Given my blend of experience on the vendor and enterprise side, I tend to see the one needle in a haystack that is flawed. Having a partner that evaluates my train of thinking and goes through the QC follow-ups with an open mind to find where the issue lies are the types of vendors who will win my business.”
What are the “watch-outs” for partnerships about to fail?
"I think the biggest watch out is if the client (instead of the agency) is continually finding the errors in the data, that is a huge watch out. It says to me that the ‘shop is not being watched,’ so to speak. If when issues are brought to the surface that is not the fault of the end client, making good on what was contracted for should be the owner of the research agency. If that doesn’t happen smoothly, that is a major red flag for me.”
Should associations like ESOMAR, and national associations, such as the Insights Association (in the US), do more to help maintain strict integrity guidelines?
“I think it would be very helpful for there to be an industry standard for when panel providers are made to replace interviews at no cost to the research agency (and ultimately to the client). For instance, speeders and straight liners seemingly are automatically replaced. The same standard should apply when open ends get responses that are gibberish or nonsensical – especially when they are among the very first questions in a survey.”
HOT TOPIC: Artificial Intelligence
What role does AI play in research, and will it make researchers redundant?
“I am not a huge advocate nor an early adopter of AI solutions, to be honest. I don’t think, or at least I hope, they never are used without the assistance of human interaction to lend colour to a story driven by AI. I’m intrigued at the prospect of how AI can be used to improve data quality – for instance … could an AI program read through open-ended responses in real-time as a survey ends to ensure that it was an engaged, quality respondent? Could an AI tool decipher that Elmer Fudd really has nothing to do with brands of hand and body lotion? I would hope so someday, if not already.”
“If it doesn't feel right, it isn’t! Push through until you find the error.”
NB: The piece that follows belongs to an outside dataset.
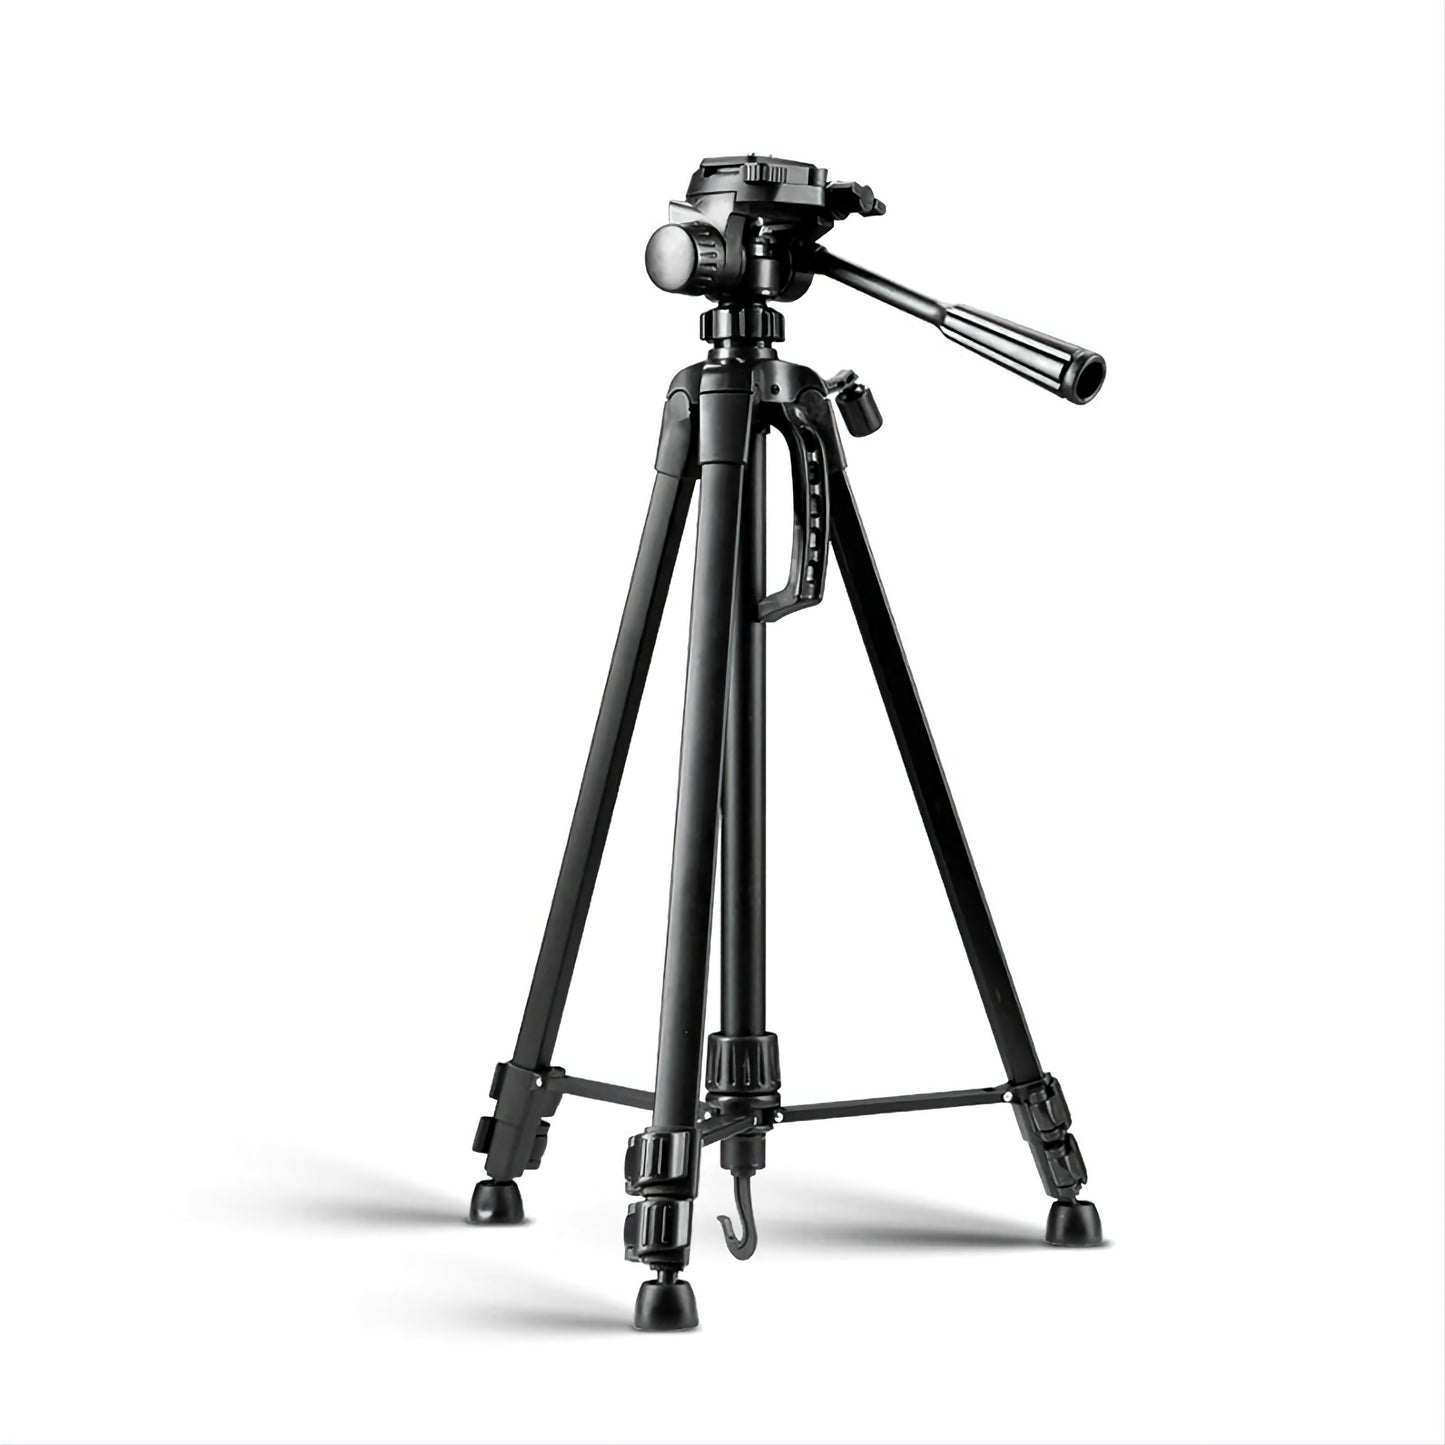 Master the Art of Photography with this Metal Marvel Tripod, Compact & Stylish Black Finish Photography Empowerment Tripod

With the increasing need for data integrity, experts like Pam are focused on leveraging partners and technology to deliver the most complete understanding of customers, markets, and competitors possible. Pam echoes the common “garbage in - garbage out” warning that we hear from many experts in this series. As she points out, the need for rapid insights does not benefit from the disaster that comes from cutting corners. So, balancing speed and quality are essential in terms of delivering data integrity. It is increasingly clear that AI can help, and needs to help more (e.g. banishing inappropriate “Elmer Fudd” references) but only if it is in the hands of experienced and capable practitioners who respect the limitations and use their expertise to apply it appropriately.
Thank you for taking the time to provide insight on this topic, Pam. It really was a pleasure talking with you.